Before investigating relationships between different sedatives and 30-day mortality in patients with SAE, covariates have been screened (Supplementary Table 3). As shown in Table 2, treatment with propofol was linked to lower 30-day mortality risk (HR = 0.67, 95% CI: 0.51–0.88), compared to treatment with midazolam after covariates adjustment. Moreover, we assessed this relationship in subgroups of age, SAPS-II score, CCI, and ventilation duration (Figure 2). The results showed that in aged ≥65 years (HR = 0.61, 95% CI: 0.45–0.84), SAPS-II score ≥47 (HR = 0.55, 95% CI: 0.40–0.75), CCI score ≥3 (HR = 0.63, 95% CI: 0.46–0.87) and ventilation duration ≥5 (HR = 0.58, 95% CI: 0.41–0.84) subgroups, treatment with propofol was also significantly linked to lower 30-day mortality risk comparing to treatment with midazolam.
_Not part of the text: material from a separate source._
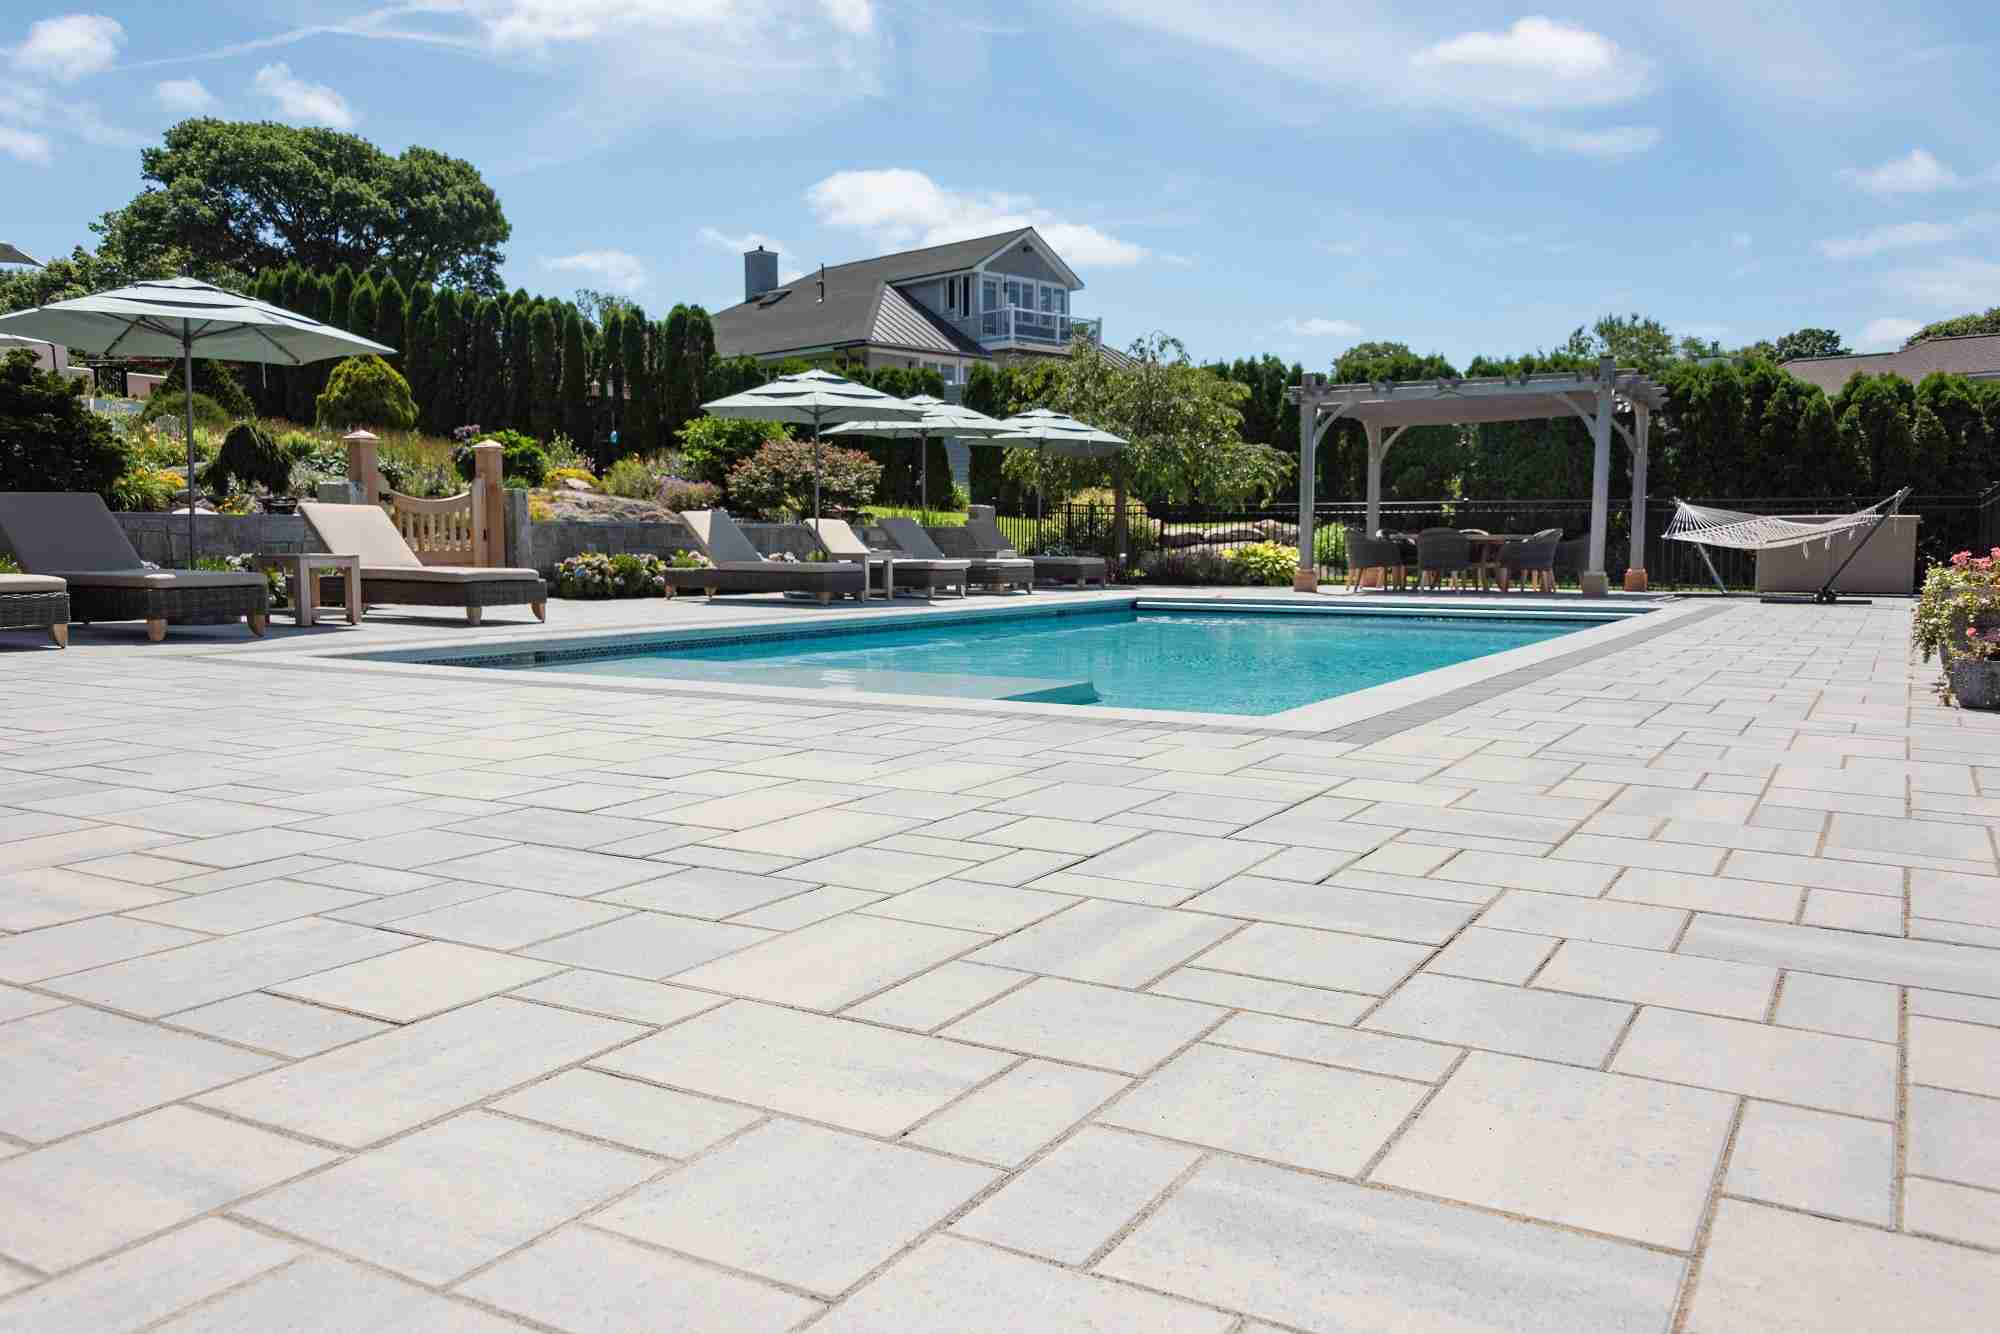 inground pool with stone patio pavers
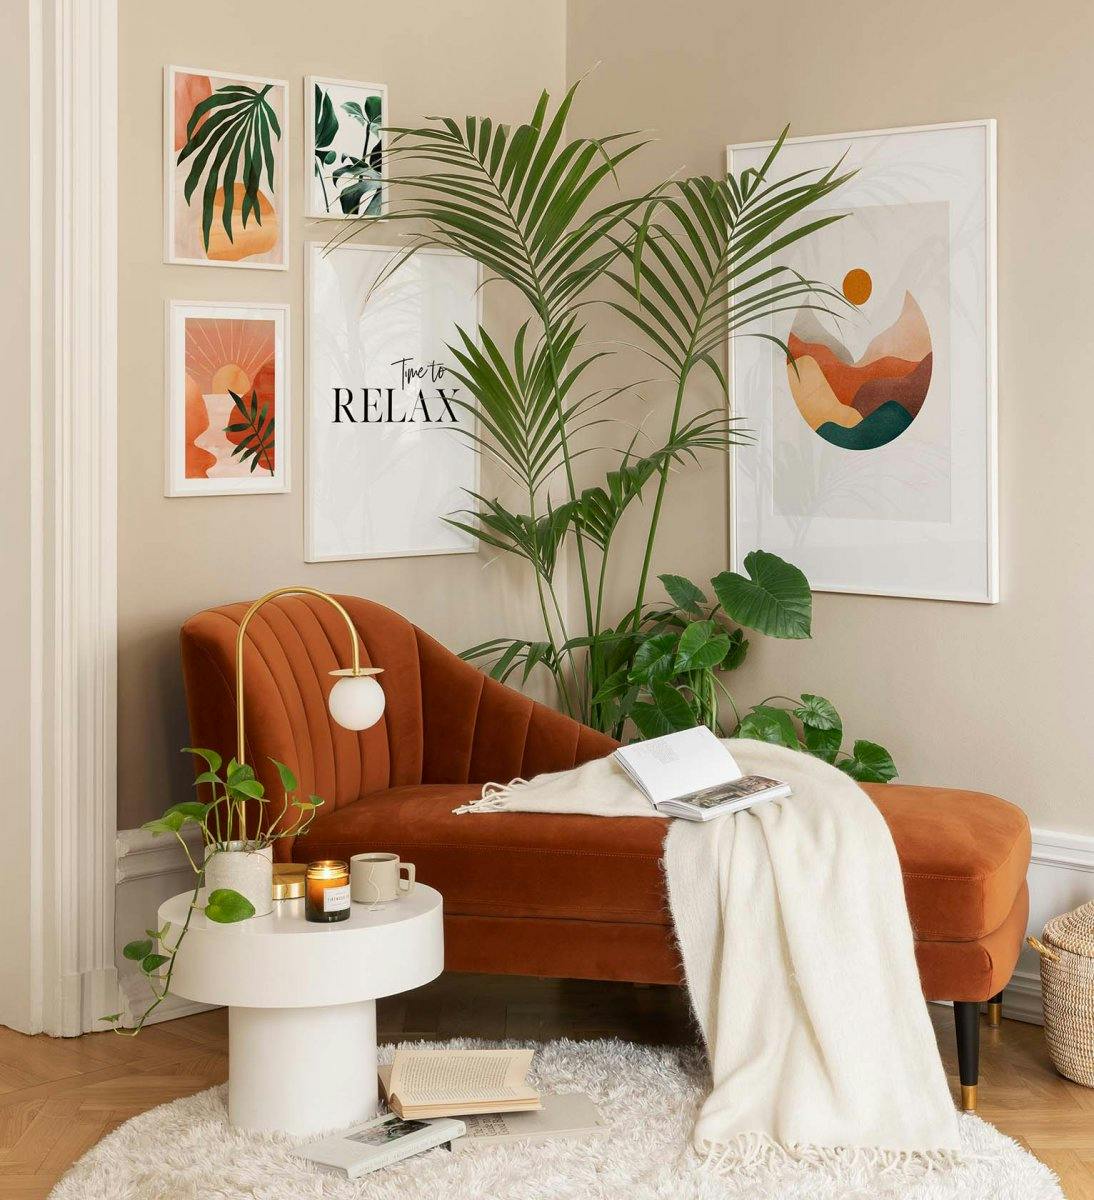 시선을 사로잡는 주황색과 녹색 색상의 그래픽 아트가 인상적인 거실 또는 침실을 위한 갤러리월

Relationship between different sedatives and ventilation duration in SAE patients

In addition, we explored the associations of midazolam and propofol with ventilation duration in patients with SAE. The process of covariates screening was shown in Supplementary Table 4. We found that treatment with propofol was associated with lower odds of long ventilation duration comparing to that with midazolam (OR = 0.71, 95% CI: 0.53–0.96), indicating that treatment with propofol may be more effective than that with midazolam in improving excessive ventilation duration among SAE patients (Table 3).

Discussion

The current study explored the associations of propofol and midazolam with 30-day mortality in patients with SAE. The results suggested that patients with SAE treated with propofol had a lower risk of 30-day mortality compared to those treated with midazolam. This association was also significant in the subgroups of adults aged ≥65 years, SAPS-II score ≥47, CCI score ≥3, and ventilation duration ≥5. In addition, treatment with propofol was significantly associated with lower odds of long duration of ventilation in patients with SAE compared to patients treated with midazolam.

We believe our study is the first to explore and compare associations of propofol and midazolam with short-term mortality and ventilation duration in patients with SAE. Previous studies have discussed the effects of propofol and midazolam on outcomes in ICU patients. For instance, a post hoc analysis of the DESIRE trial conducted by Miyagawa et al.16 found that patients with sepsis required mechanical ventilation during the acute phase. That study also found that sedation with midazolam was associated with an increased risk of coma and delirium compared to propofol. Another study in adult ICU patients showed that propofol was associated with improved clinical outcomes compared to midazolam sedation, reducing extubation time and mechanical ventilation time in acute surgical patients and extubation time in critically ill patients.4 Yet another observational, propensity-matched study suggested that, compared with midazolam, sedation with propofol reduced mortality and bleeding rates in patients with cardiogenic shock.17 However, the associations of propofol and midazolam with short-term mortality in SAE have not been clarified. By observing negative associations of propofol treatment with 30-day mortality risk and prolonged duration of mechanical ventilation, our findings relatively filled a gap in the literature on patients with SAE. However, further research is needed on the causal associations of midazolam and propofol with ICU outcomes in this population.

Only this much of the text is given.